Thursday, October 5, 2017

Finding the Strength in Your Writing Weakness

Are you a storyteller or a wordsmith? 

I've noticed lately in my reading that some people truly excel at story, like Frank Baum of Wizard of Oz fame, or Rick Riordan of the Percy Jackson series; and others weave words like master artisans in the households of kings, like Libba Bray of Going Bovine and A Great and Terrible Beauty, or Gayle Forman of If I Stay, or my critique partners. ;)

Of course, it would be nice to have it all, but nobody starts out that way. That's why we call writing our craft.

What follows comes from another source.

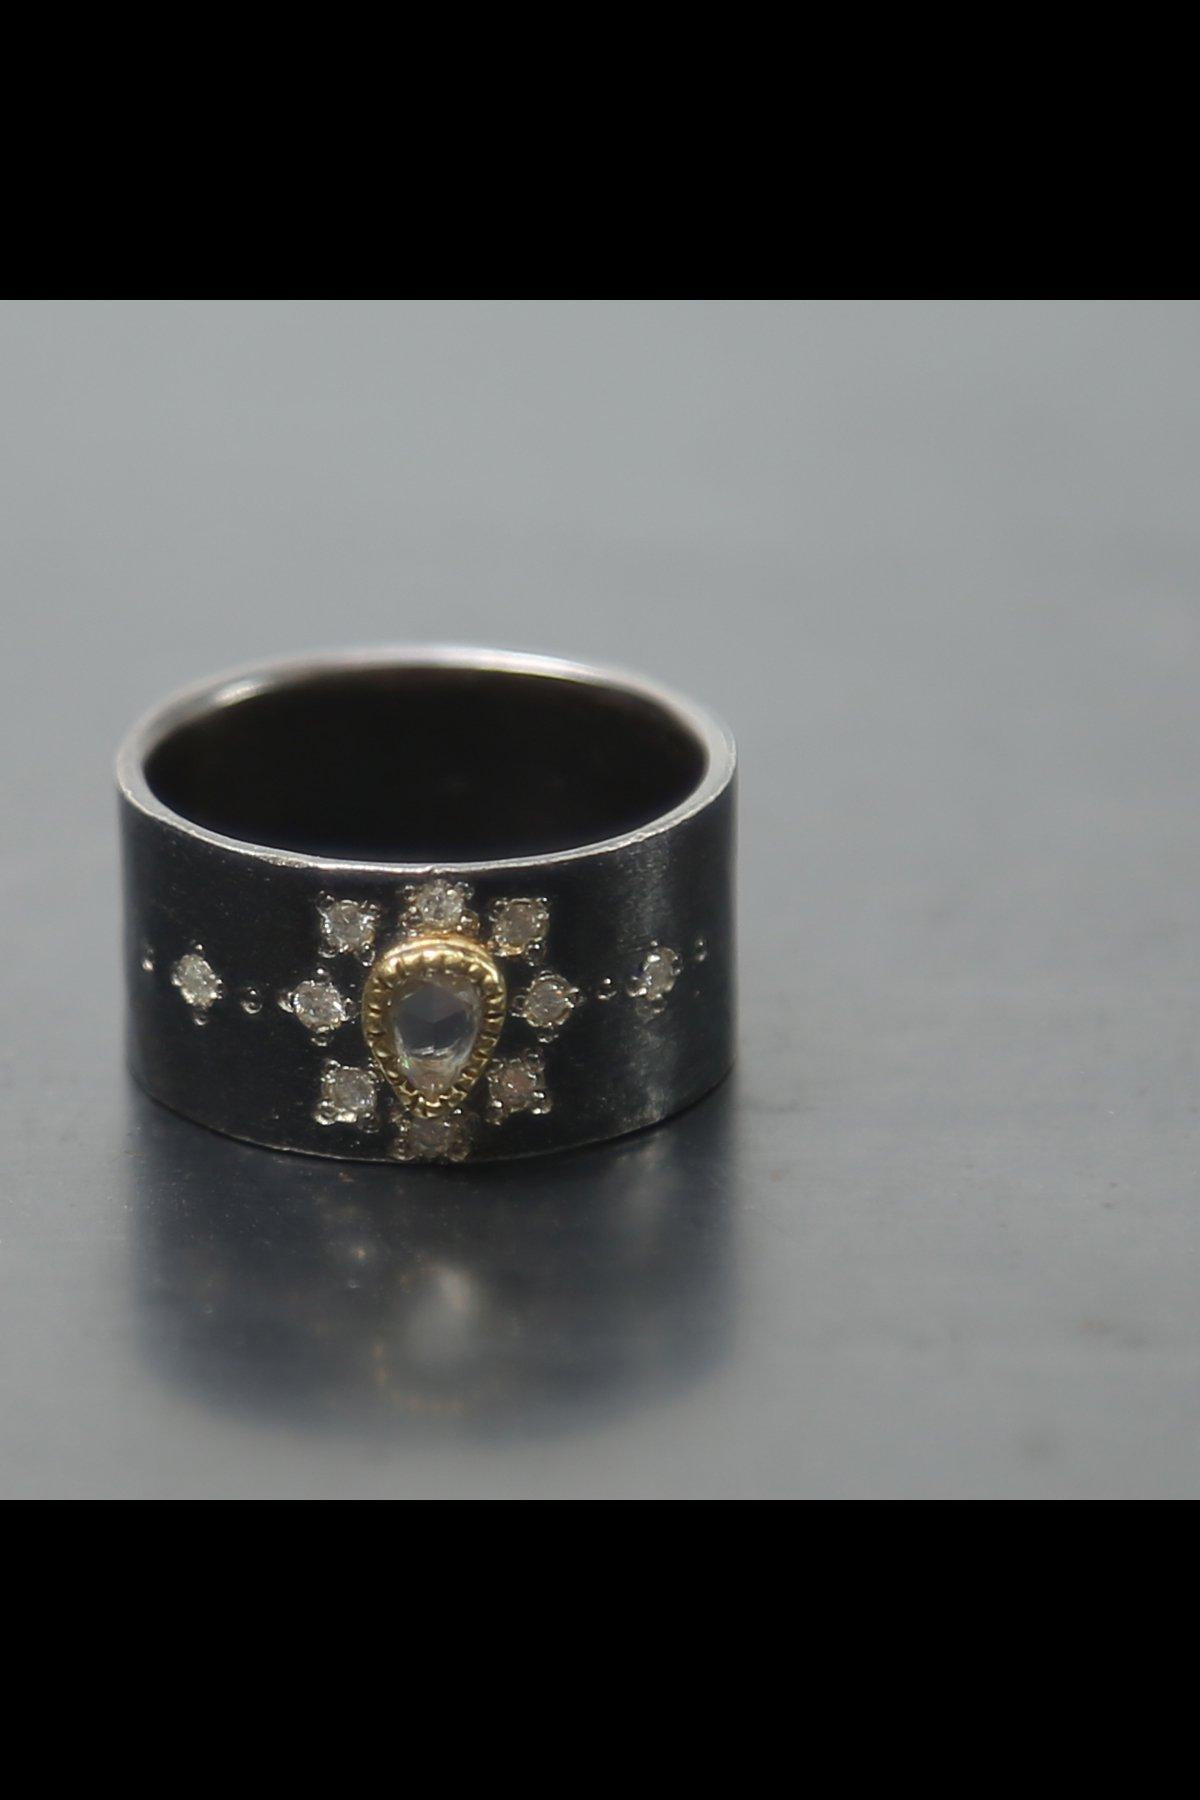 PRIMITIVE DIAMOND RING 91A-OBR13

So which part of our craft is your strong suit? Storytelling, with its plot structure, twists, and revelations? Or wordsmithing (how can that not be a real word?), with its heart-piercing phraseology and dew-from-heaven gloriousness?

It's an important question because the answer can tell you where you need to focus your practice. 

Me, for instance. I've got wordplay down to an art. Okay not really, but I became a writer because people told me I write well, not because people said I come up with the most air-tight plots ever. So I fall in with the wordsmith lot. For me, this means my current focus has to be plot. And not just plot. Storytelling includes characterization and setting, so you can see I have my work cut out for me.

My 3-year-old is a wordsmith already. Aw!

Knowing where my strengths lie as a writer gives me focus, but it also reminds me to allow myself a little failure in my weak areas. 

It's okay if my first draft is filled with plot holes. For me, revision is less about crafting perfect sentences and more about re-imagining the story... over and over again, until it all fits. And, of course, since this is my cross to bear I think storytelling is much harder than spinning beautiful phrases. Which is more difficult for you?

Now you know what to work on this weekend.